Create a reproducible document (using knitr) that summarizes the data analysis write-up that you have been working on. This assignment should include the elements that were assigned in classes 2, 3, 5, 7, and 11.

From Class 2

Choose a dataset from these datasets or the ones in the class Google Drive. If your dataset has a lot of variables, focus on a subset of them – less than 6 or so – for the purposes of this exercise. Your write-up should answer the following questions: * What is the background/context for this data? * How many observations are there? * What is the unit of observation? * Is there any missing data? If so, are there patterns to the missingness? * What are the key variables and what do their distributions look like? * Is there a pair of variables that might work well for a Simple Linear Regression? (You don’t necessarily need to run one, but you could.) * Are there any obvious outliers in the data?

From Class 3

  • Add one or two simple linear regressions to your dataset write-up.

From Class 5

  • Create a slr() R function that takes x and y vectors and outputs a list with two objects: (1) a fitted lm object and (2) by-hand betas (calculated by likelihood or formulae).

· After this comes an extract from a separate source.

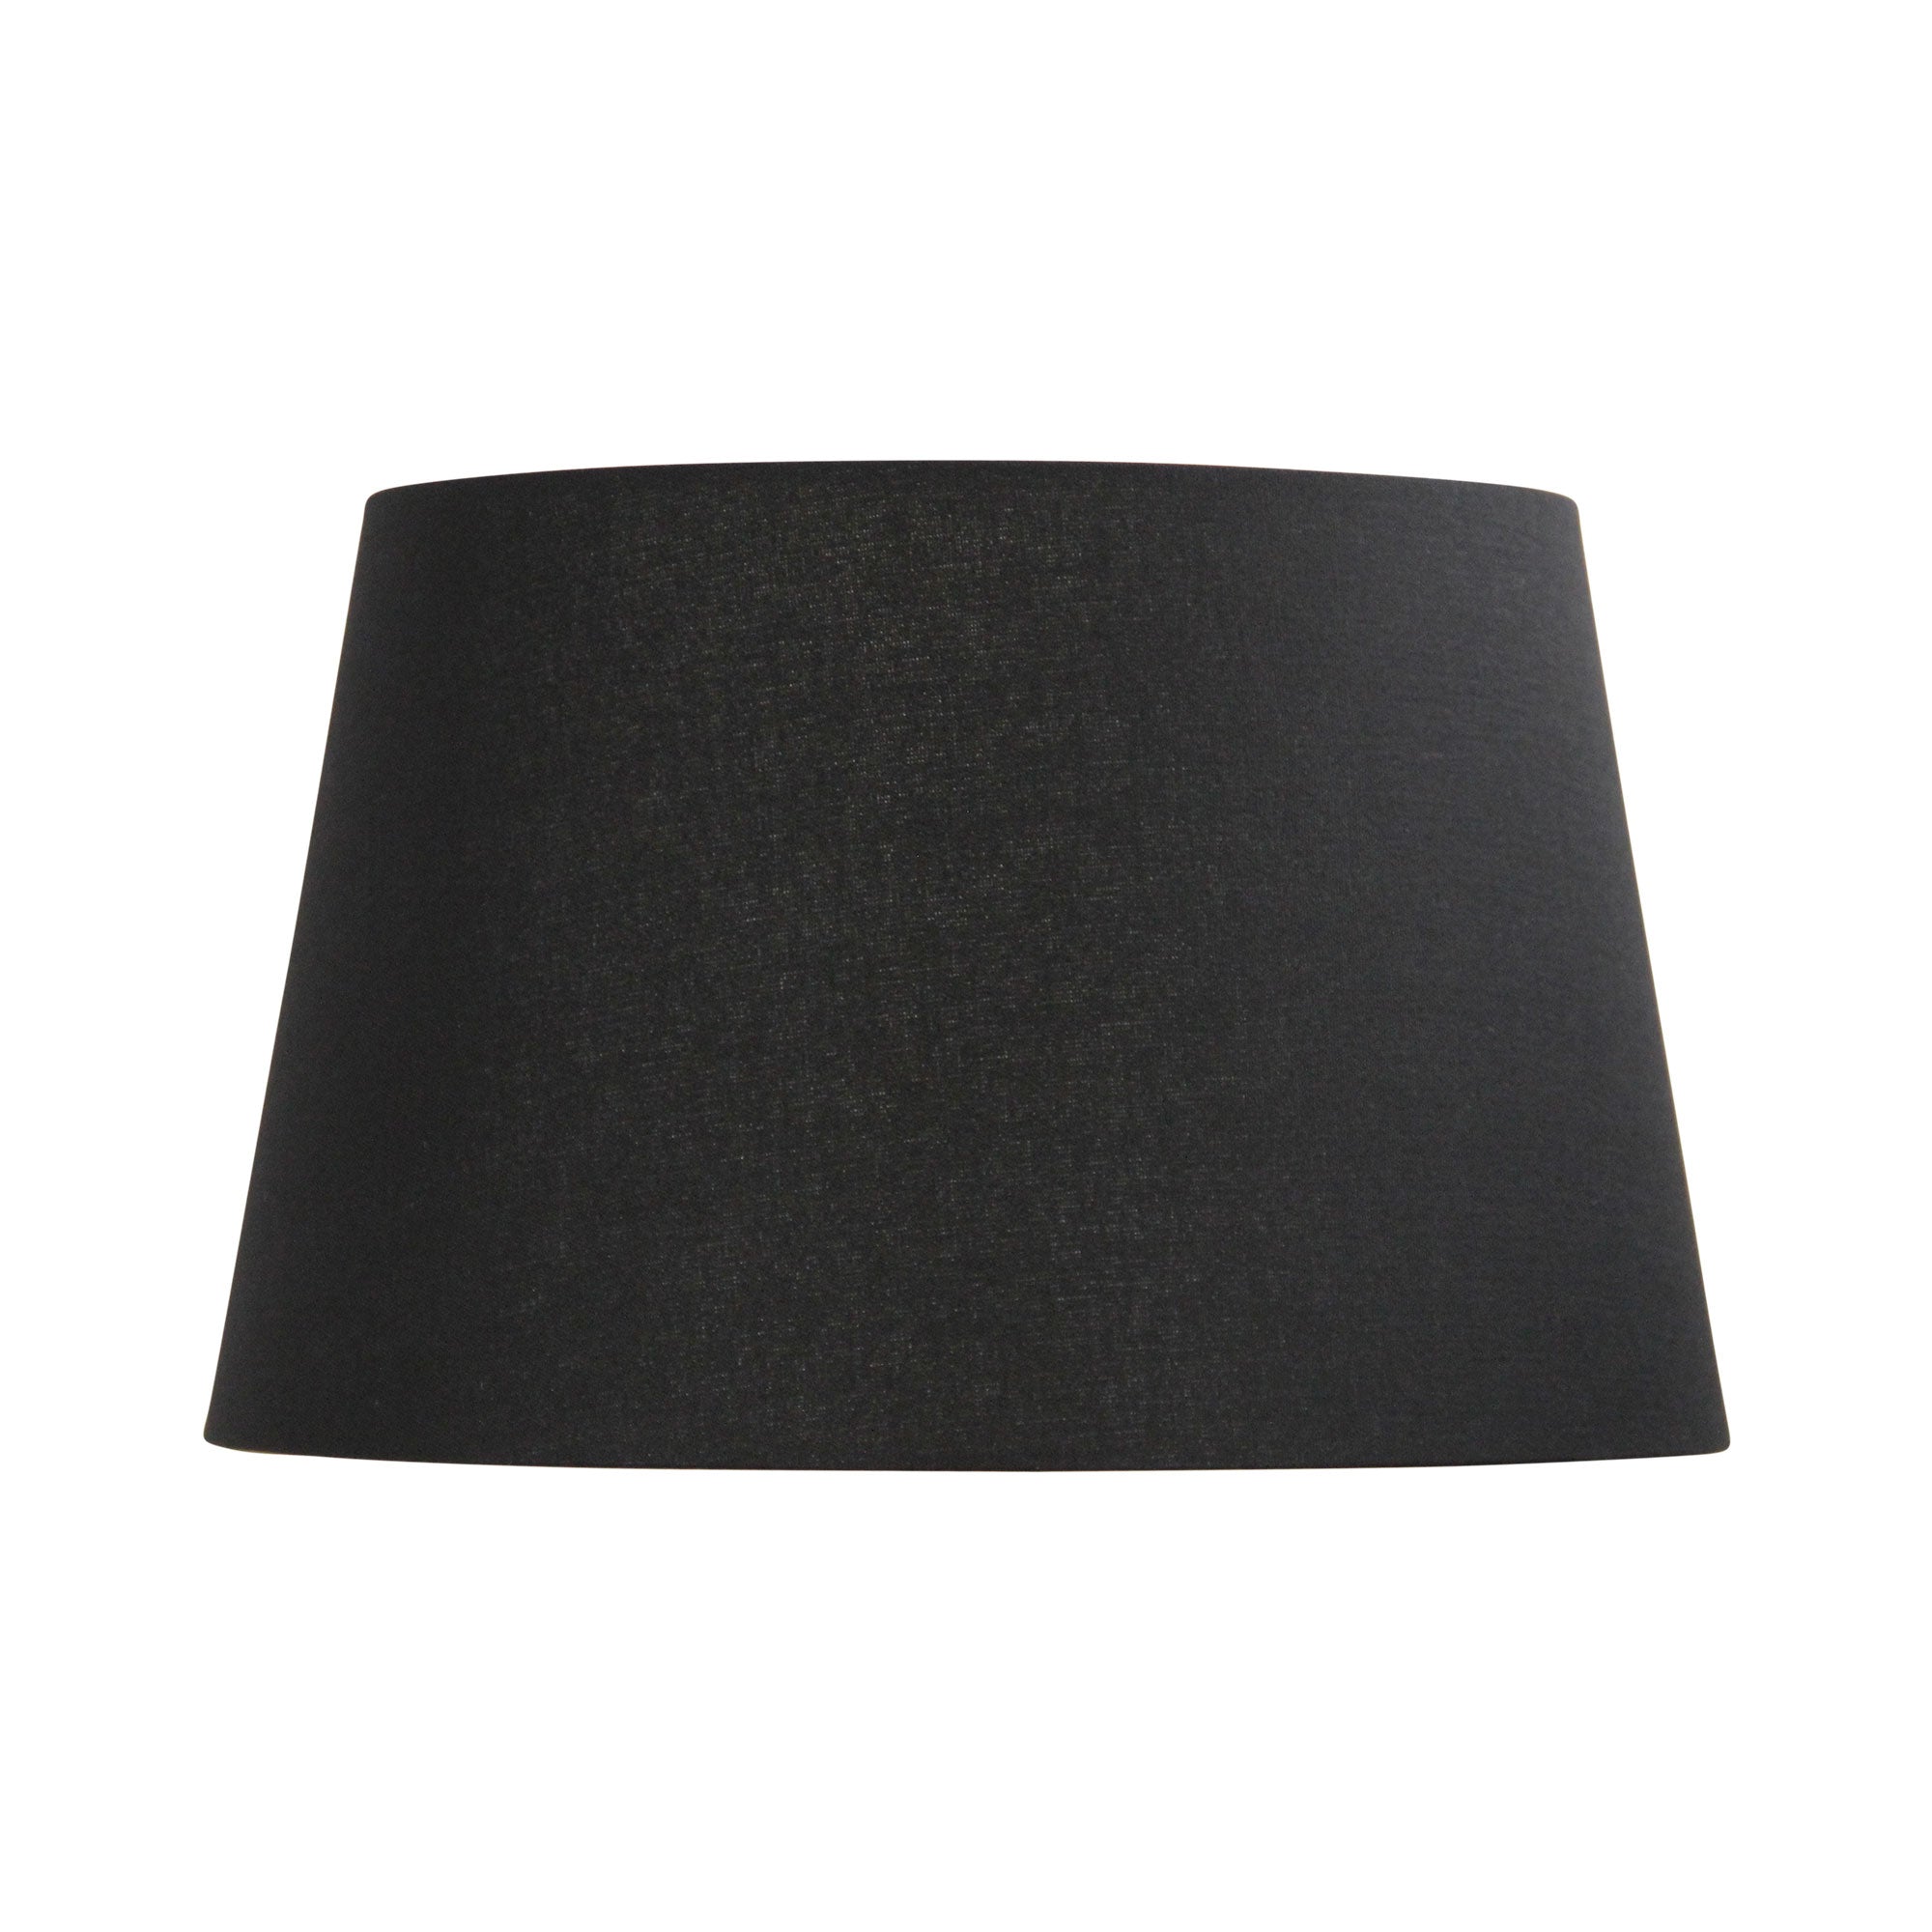 Oriel Lighting 43cm Floor Lamp Shade Black Linen Hardback

Try to write this as a function, but if you have trouble, then just write it as a few lines of R code and create an object as described.
  • Use this new slr() function/code to refit the SLR models in your dataset writeup. Compare the results and make sure they are returning the same thing.

From Class 7

  • Add a fitted MLR to your dataset write-up. State the model, in equation form. Describe it in words. Interpret your fitted coefficients.

From Class 11

  • Fit a few reasonable MLR models. Write down the model equations for each model you fit.
  • Include at least one MLR model with a categorical predictor (if you only have continuous variables, you can use the cut() function to factorize your variable).
  • Interpret key coefficients from each MLR model that you fit.

From Class 12

  • Add one global F test (with interpretation) to your data analysis.